### STORED DATA
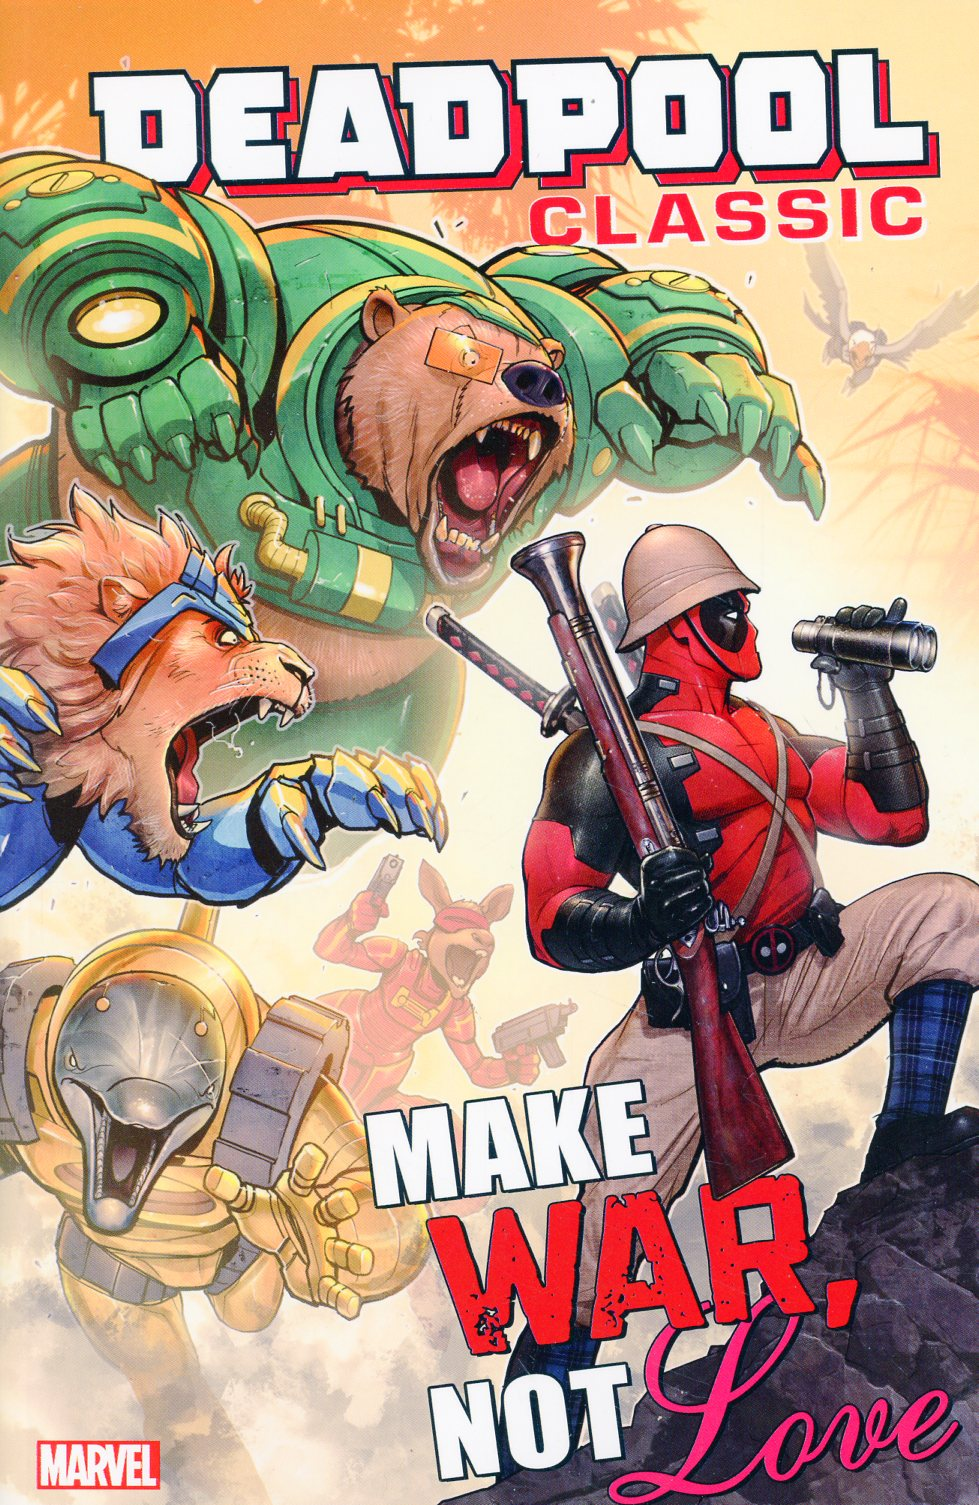 Deadpool Classic Vol 19 Make War Not Love TP
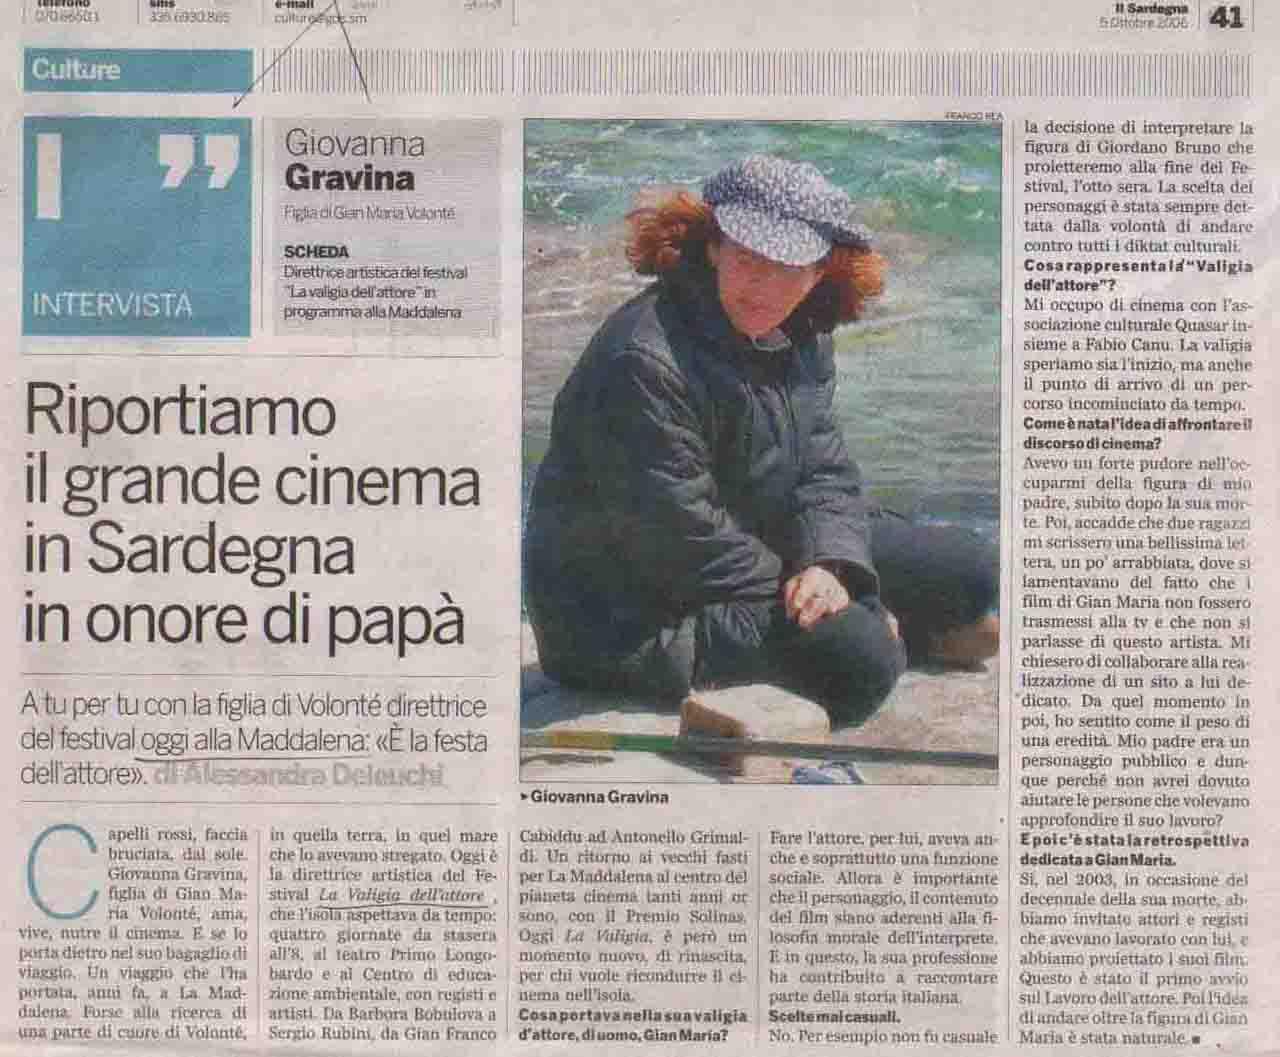 Il Sardegna (culture) 5 ott 2006
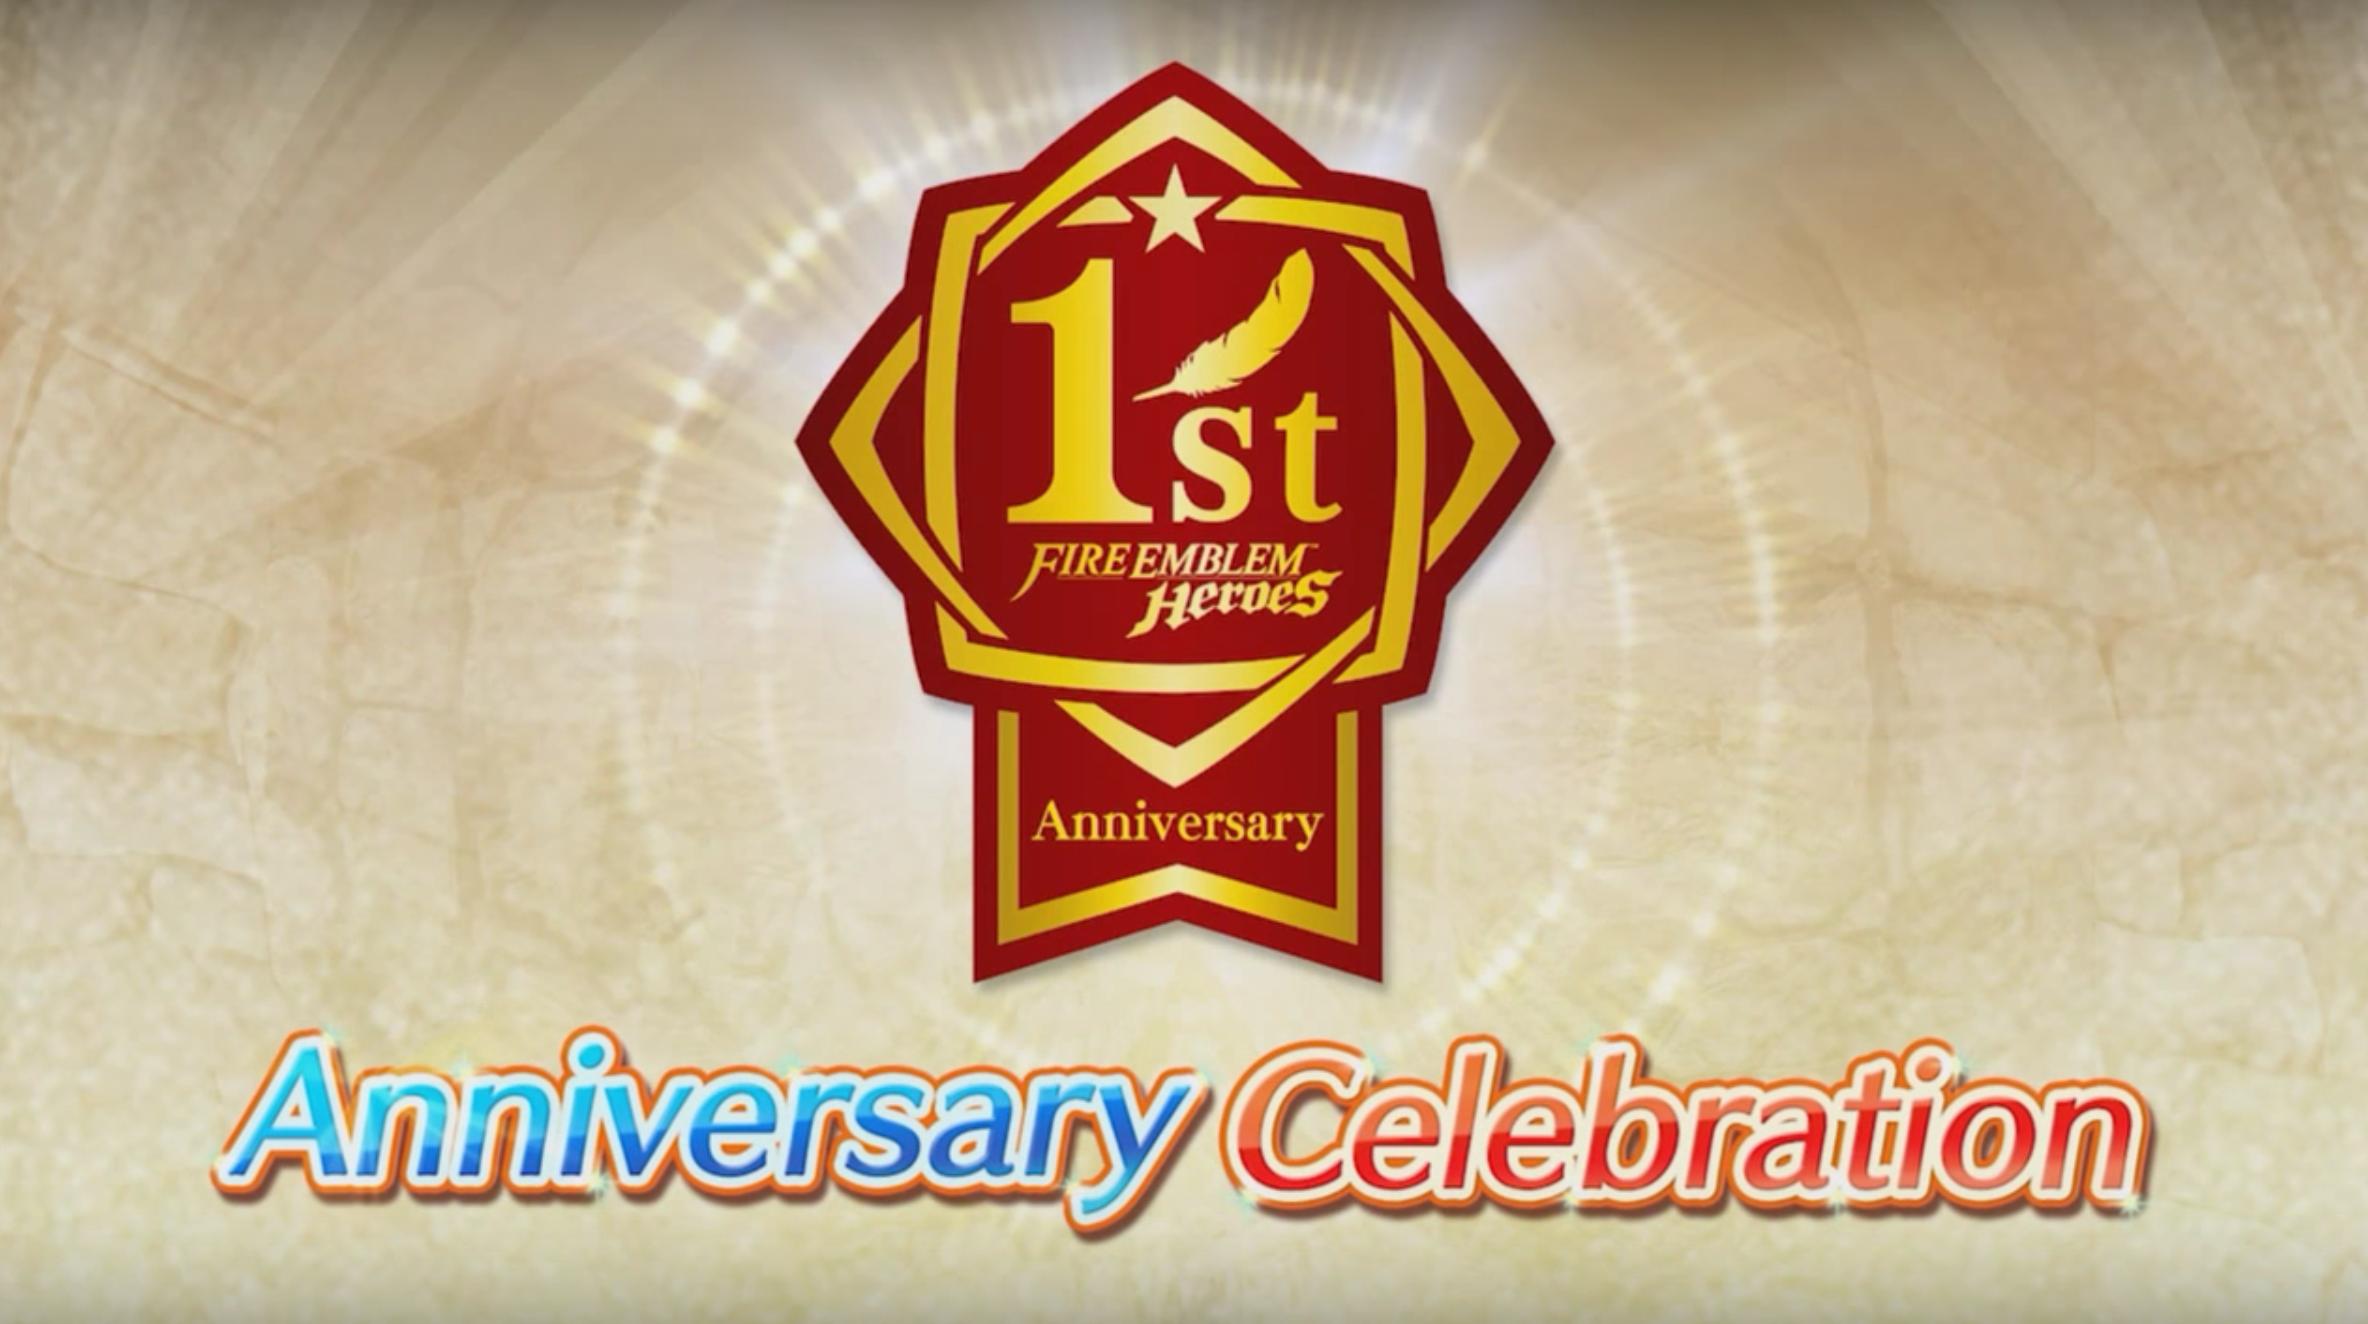 Get First Anniversary 1St Anniversary Logo
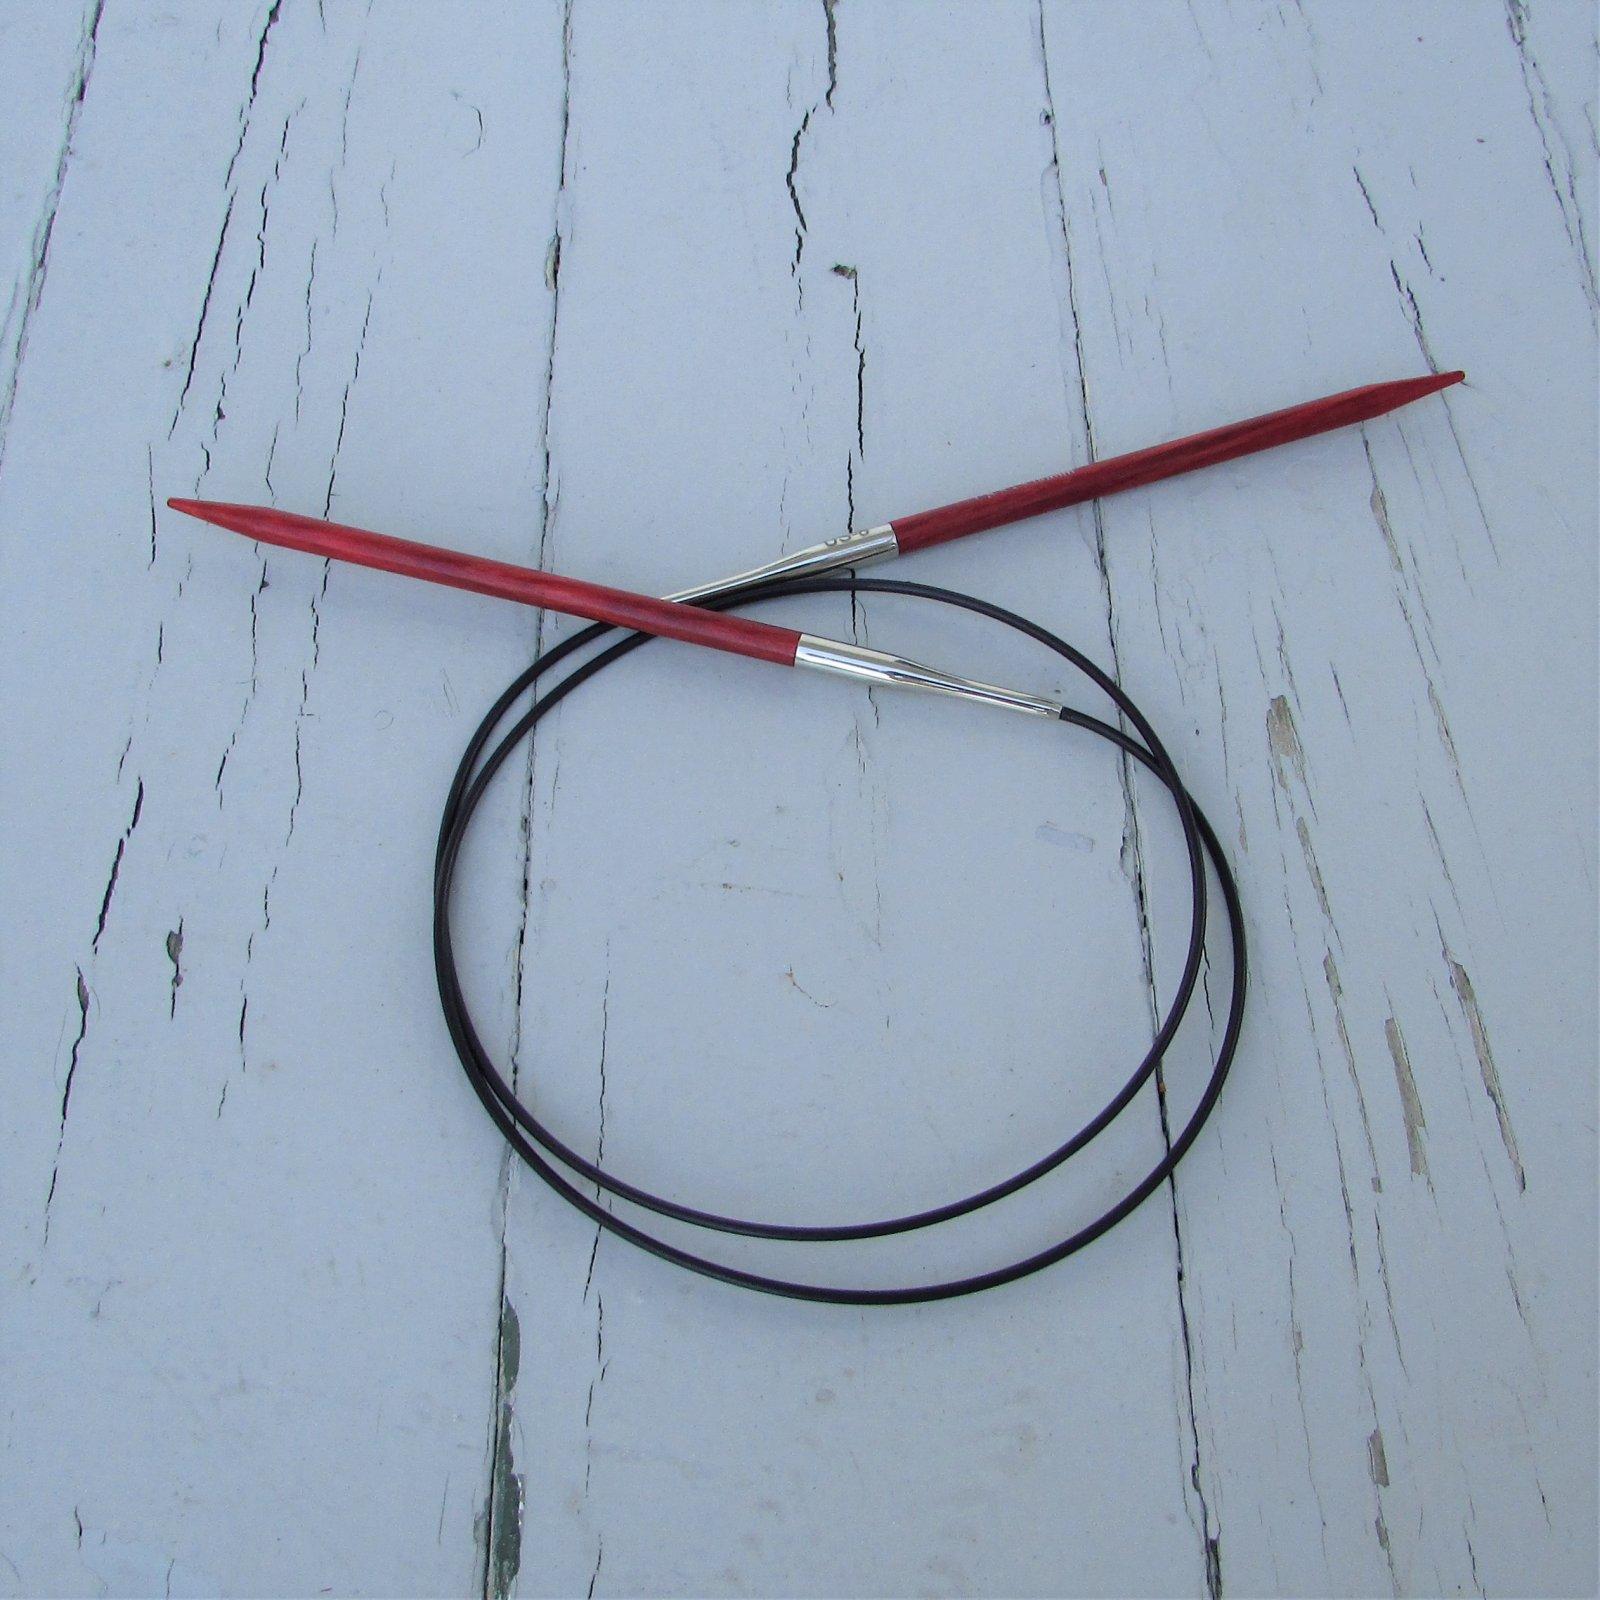 Knitter's Pride Symfonie Dreamz 32 Circular Needle
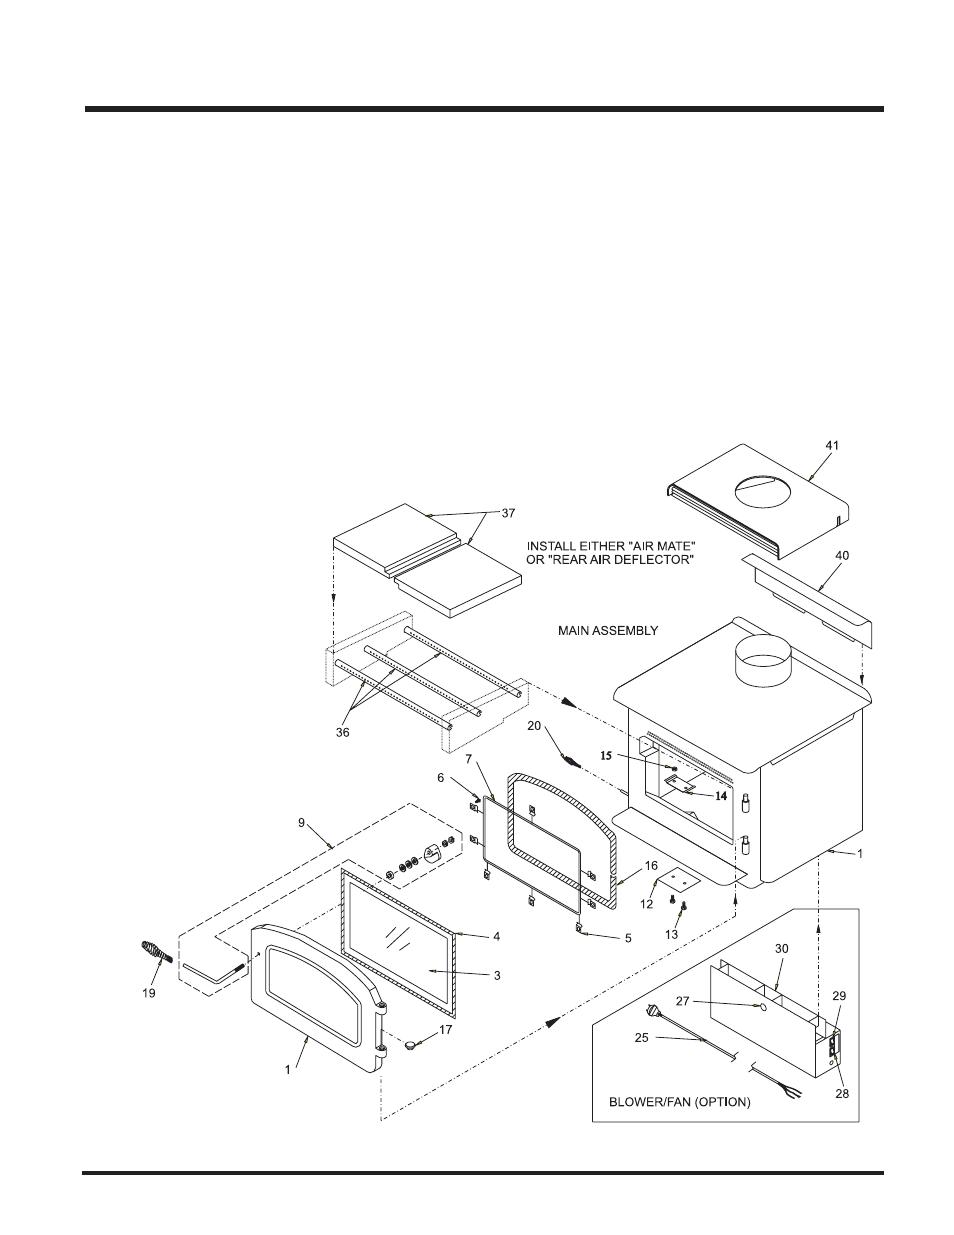 1978 mgb wiring diagram printable copy

### PROBLEM STATEMENT
Output the material above exactly as written and drop any images it holds.

### TASK RESULT
 Deadpool Classic Vol 19 Make War Not Love TP
 Il Sardegna (culture) 5 ott 2006
 Get First Anniversary 1St Anniversary Logo
 Knitter's Pride Symfonie Dreamz 32 Circular Needle
 1978 mgb wiring diagram printable copy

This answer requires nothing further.